Однажды в сумерки Володя зашел в дежурную комнату полустанка. Единственная лампа горела у сонно постукивающего аппарата. За окном моросил мелкий дождь, светлые струйки, точно чьи-то неистощимые слезы, бежали по мутным стеклам. В дежурной сидел один Кондрашов. Склонив голову на поблескивающий начищенной медью аппарат Морзе, он, казалось, дремал. Володя окликнул его. Кондрашов медленно поднял лысую голову. Лицо его было помятым и брюзглым, красные воспаленные глаза смотрели дико, блуждающе, нижняя губа отвисла.
— Чего тебе? — грубо спросил телеграфист, дохнув винным перегаром.

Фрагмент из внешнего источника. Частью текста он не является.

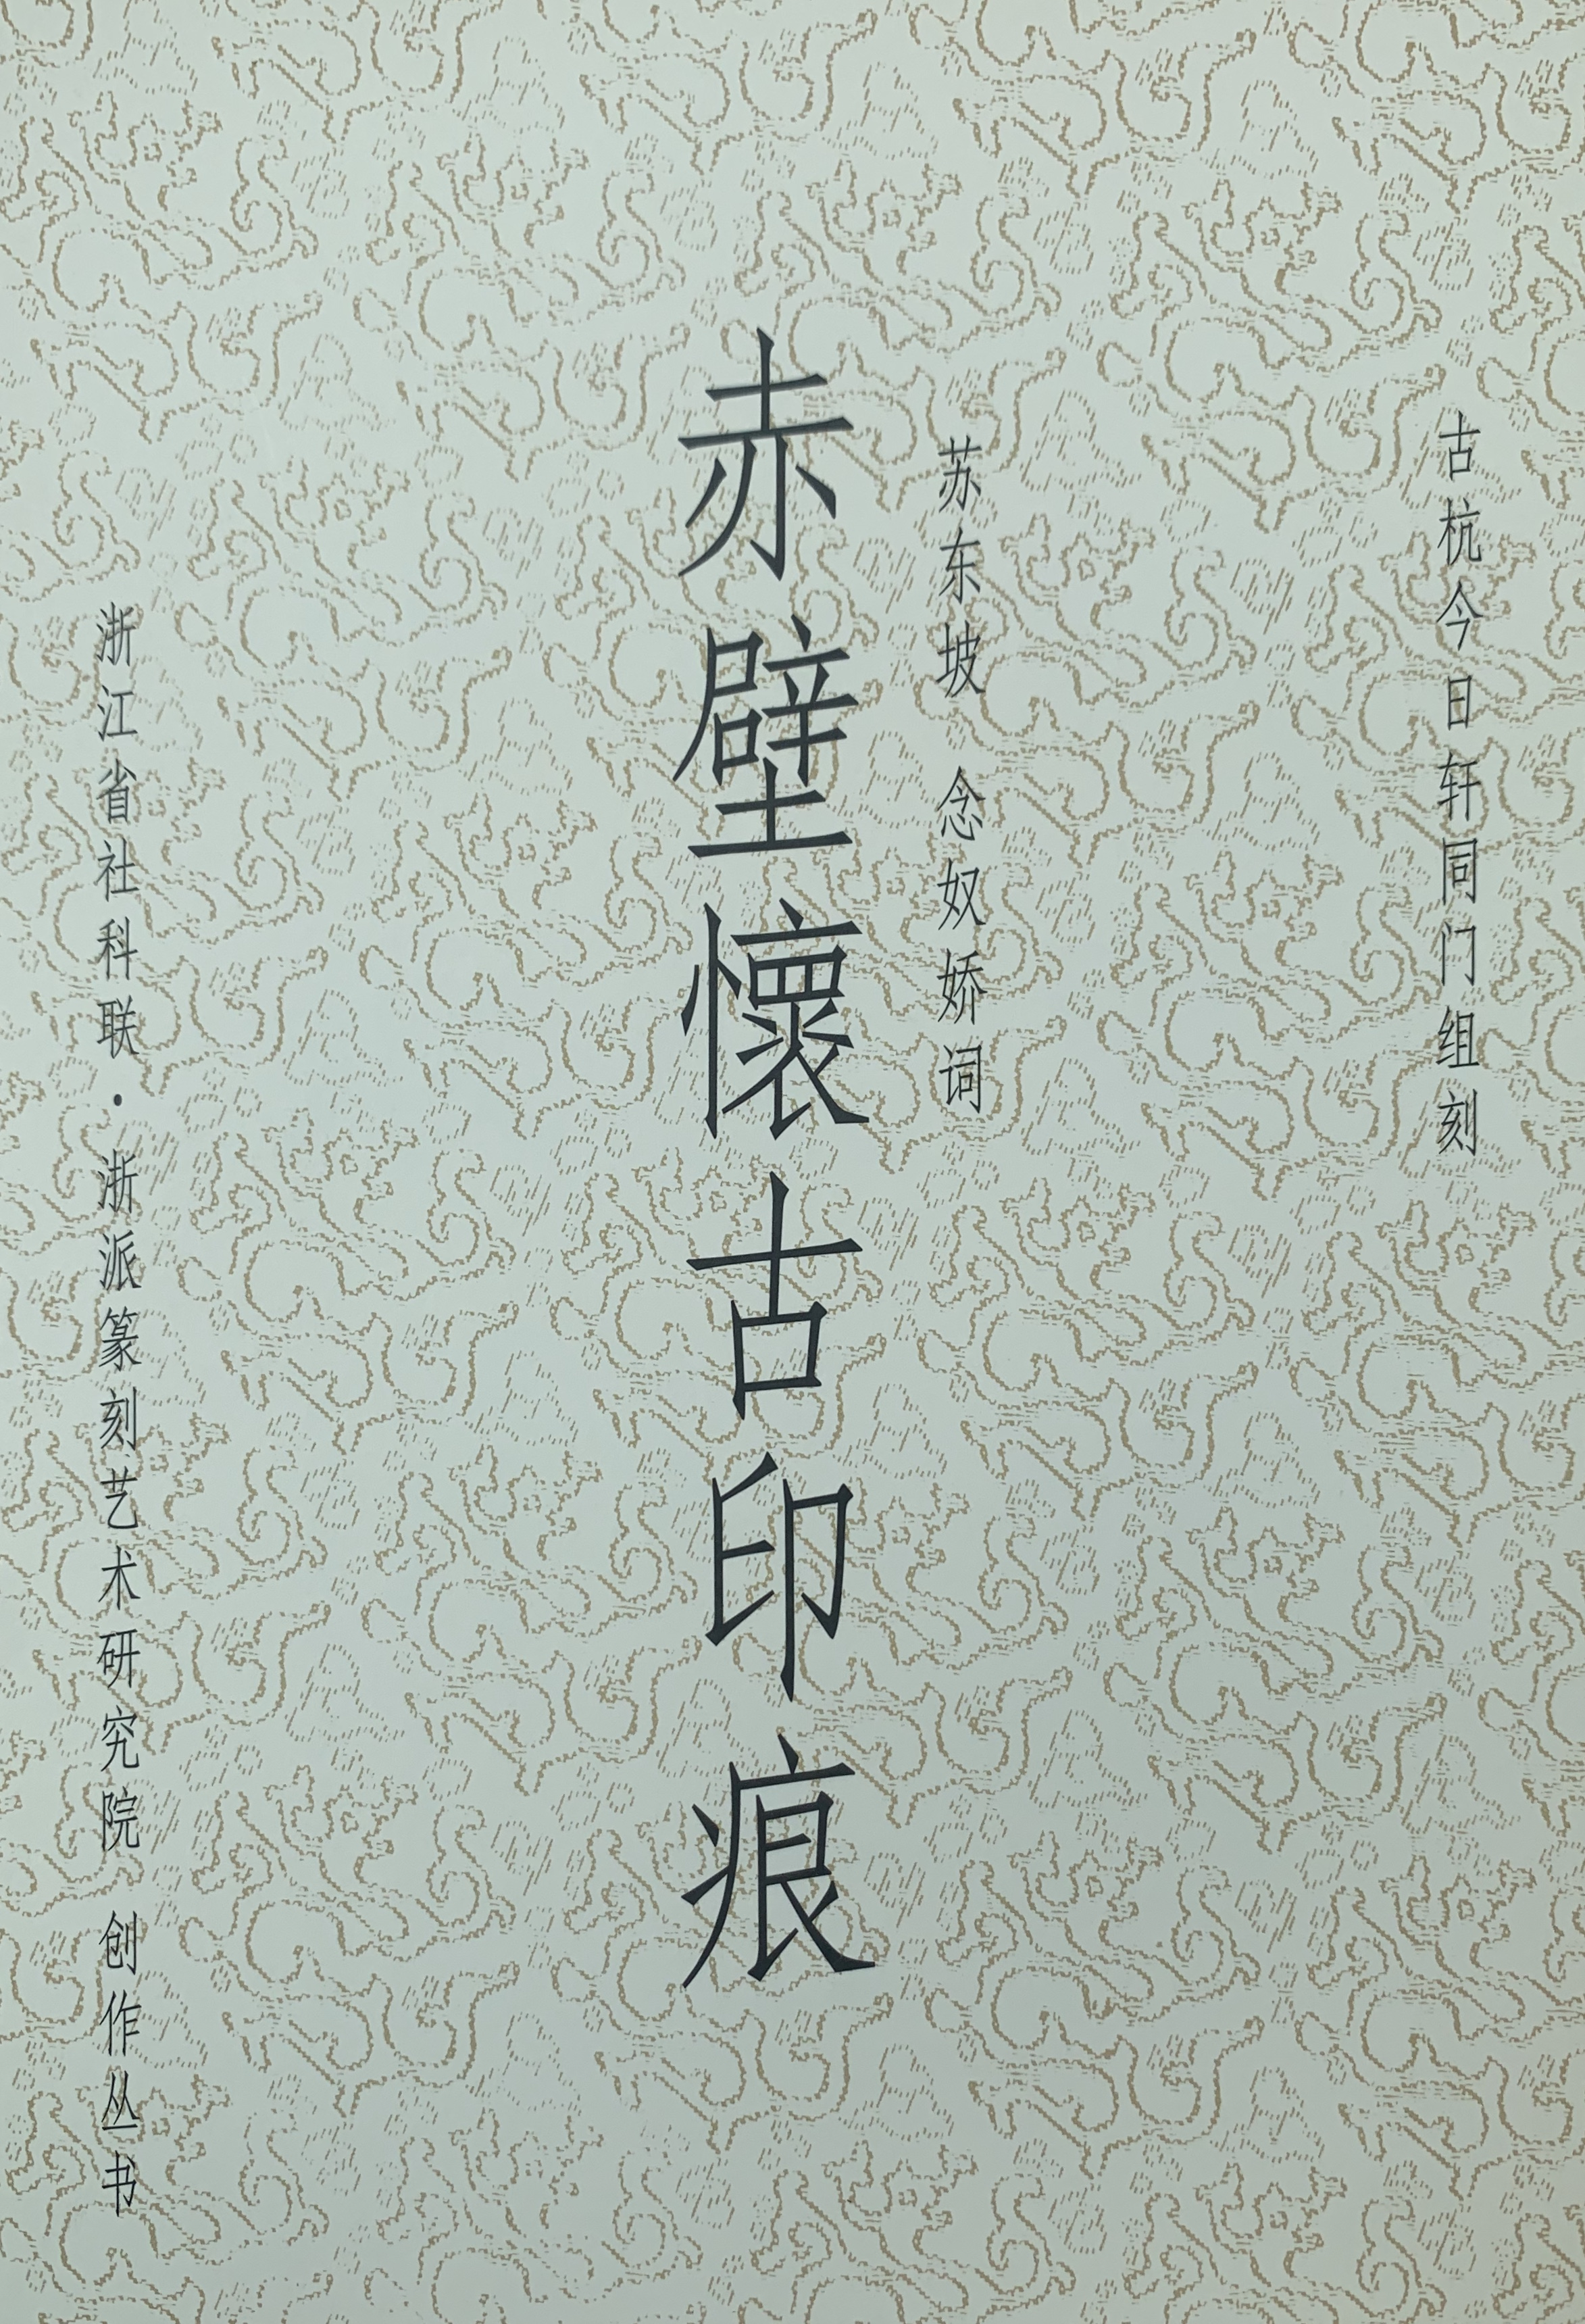 著名书法家篆刻家余正老师为浙江西湖书画院赐印

— Депеша срочная о высылке материалов.
Кондрашов, клюя носом, взял из рук табельщика книгу, еле держа в одеревенелых пальцах карандаш, вычертил вместо своей фамилии кукиш, уставив на Володю бессмысленный взгляд, огорченно сообщил:
— Пьян я, хлопче. Хлебнул добре… Депеша принята, а это привет мастеру… — Данила ткнул пальцем в нарисованный кукиш.
— Зачем? — тихо спросил Володя. — Зачем вы пьете?

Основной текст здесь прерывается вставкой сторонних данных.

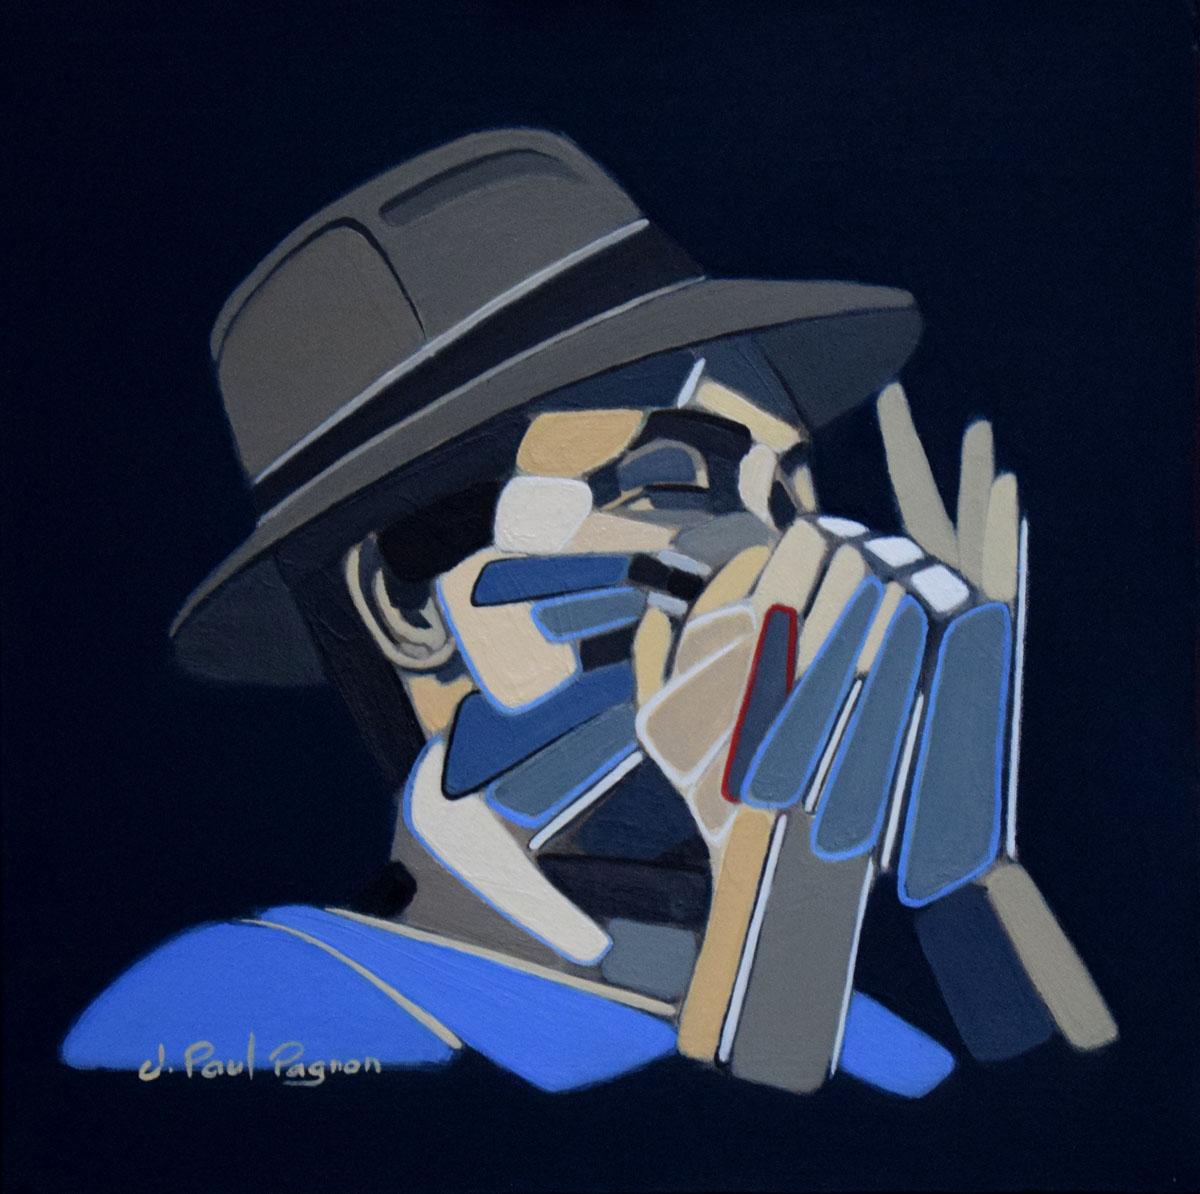 Blue Shuffle par Jean-Paul Pagnon

— Что?.. Чудак… Погоди — и ты запьешь…
Данила икнул. Форменная тужурка его была измята, выпачкана аппаратной краской, во всей фигуре было что-то болезненно-беспомощное, жалкое.
— Как же вы будете теперь дежурить? — спросил Володя.
— Как? Т-твое какое дело? Пшел! — Кондрашов пьяно качнулся. — Мне теперь все равно. Обидели меня, понимаешь? Н-начальство… С-сволочи… Дьякон — паскуда…
Данила матерно выругался.
— Я их просил… Три прошения контролер-механику подал, чтобы перевели меня в Подгорск… Отказали… А мне тут разве жизнь? Ты мне скажи — жизнь? Я всю получку проиграл. Дьякону — суке. Анатолию… С-сволочи. А мне теперь что делать? Мне в воскресенье под венец с Люсечкой ехать… Люсечка — моя невеста, понимаешь, малец…
— Неужели все деньги проиграли? — вспомнив чистого, упитанного дьякона, осведомился Володя.
— Все, хлопчик… До единой копейки. Зарезал меня дьякон. Мне свадьбу не на что справлять. Ты понимаешь, — свадьбу… Поворот всей жизни… С какими глазами я к невесте покажусь? Мне ей фату надо покупать… Кольцо золотое…
— А вы денег займите… у начальника…
— Так он и даст… Желтомордый! Я у него три рубля просил, чтоб отыграться… У дьякона просил — и тот не дал… Говорит, дам, а ты же меня и обыграешь… И не дал, патлатая сволочь. Ладно. Я покажу им. Я им все поезда побью.